TABLE_NAME = "yb_relnotes_chunks"
VECTOR_SIZE = 1536
engine = YBEngine.from_connection_string(url=CONNECTION_STRING)
engine.init_vectorstore_table(
table_name=TABLE_NAME,
vector_size=VECTOR_SIZE,
)
embeddings = OpenAIEmbeddings(api_key=my_api_key)
# The PGVector.from_documents method handles:
# 1. Creating the table if it doesn't exist (with 'embedding' column).
# 2. Generating embeddings for each chunk using the provided embeddings model.
# 3. Inserting the chunk text, metadata, and embeddings into the table.
vectorstore = YugabyteDBVectorStore.from_documents(
engine=engine, table_name=TABLE_NAME, documents=chunks, embedding=embeddings
)
print(f"Successfully stored {len(chunks)} chunks in PostgreSQL table: {TABLE_NAME}")
Step 2: Configure the YugabyteDB retriever
from langchain_core.prompts import ChatPromptTemplate
from langchain_core.runnables import RunnablePassthrough
from langchain_core.output_parsers import StrOutputParser
from langchain_openai import ChatOpenAI
retriever = vectorstore.as_retriever(search_kwargs={"k": 3})
print(
f"Retriever created, set to retrieve top {retriever.search_kwargs['k']} documents."
)
# Initialize the Chat Model (e.g., OpenAI's GPT-3.5 Turbo)
llm = ChatOpenAI(model="gpt-3.5-turbo", temperature=0, api_key=my_api_key)
# Define the RAG prompt template
prompt = ChatPromptTemplate.from_messages(
[
(
"system",
"You are a helpful and friendly assistant named 'YugaAI'. You love to answer questions about YugabyteDB and distributed sql.",
),
("human", "Context: {context}\nQuestion: {question}"),
]
)
# Build the RAG chain
# 1. Take the input question.
# 2. Pass it to the retriever to get relevant documents.
# 3. Format the documents into a string for the context.
# 4. Pass the context and question to the prompt template.
# 5. Send the prompt to the LLM.
# 6. Parse the LLM's string output.
rag_chain = (
{"context": retriever, "question": RunnablePassthrough()}
| prompt
| llm
| StrOutputParser()
)
Now try asking the same question "Can you tell me the current preview release version of YugabyteDB?" again.

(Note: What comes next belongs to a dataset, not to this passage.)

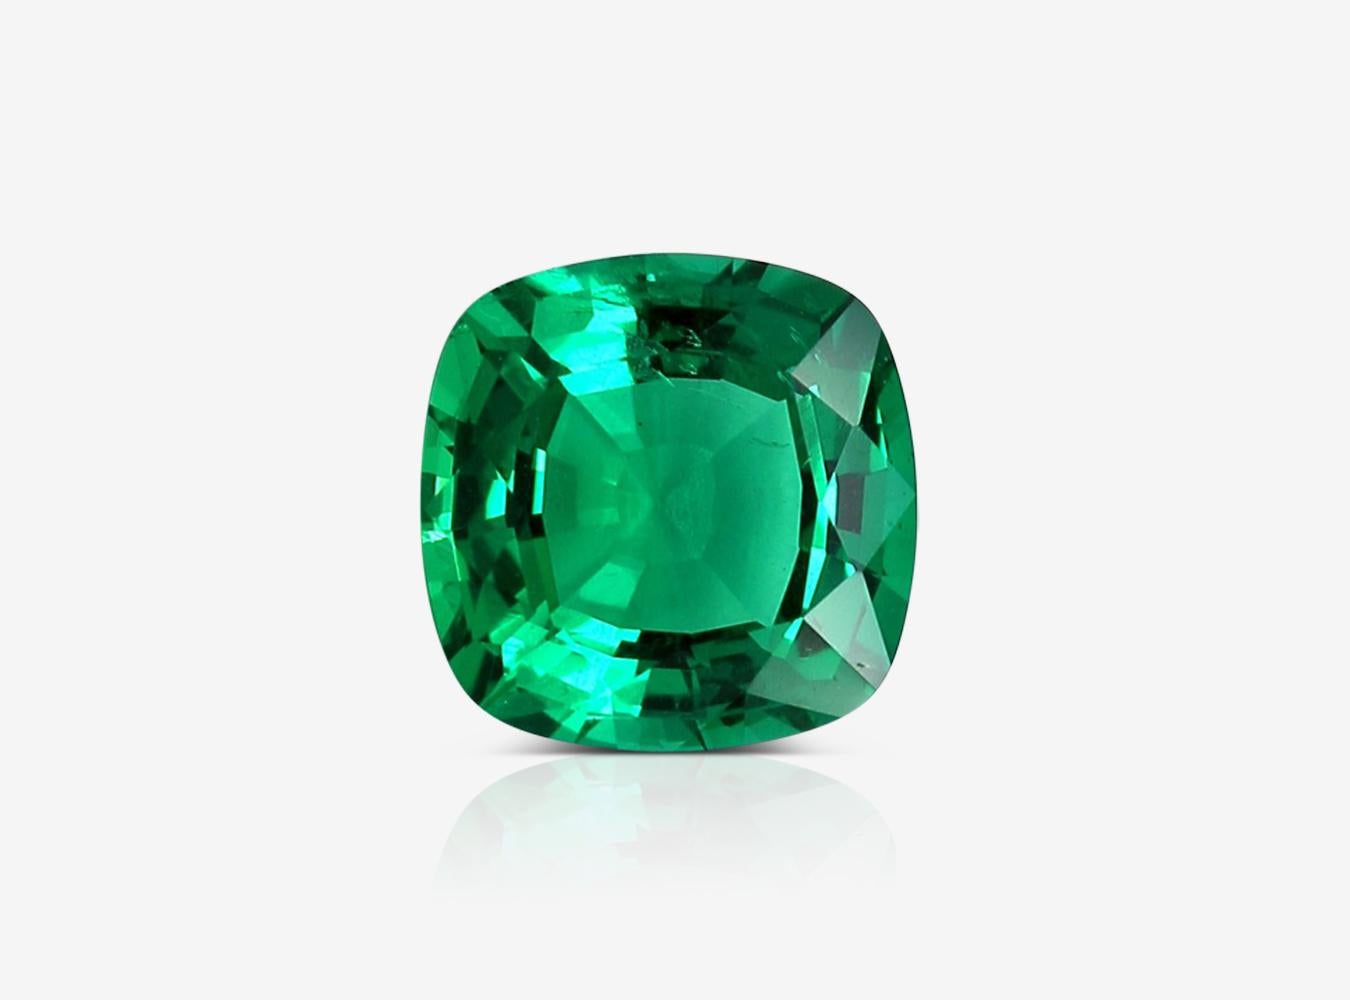 emerald and diamond earrings

# Invoke the RAG chain with a question
rag_query = "Can you tell me the current preview release version of YugabyteDB?"
print(f"\nQuerying RAG chain: '{rag_query}'")
rag_response = rag_chain.invoke(rag_query)
print("\n--- RAG Chain Response ---")
print(rag_response)
Querying RAG chain: 'Can you tell me the current preview release version of YugabyteDB?'
--- RAG Chain Response ---
The current preview release version of YugabyteDB is v2.25.2.0.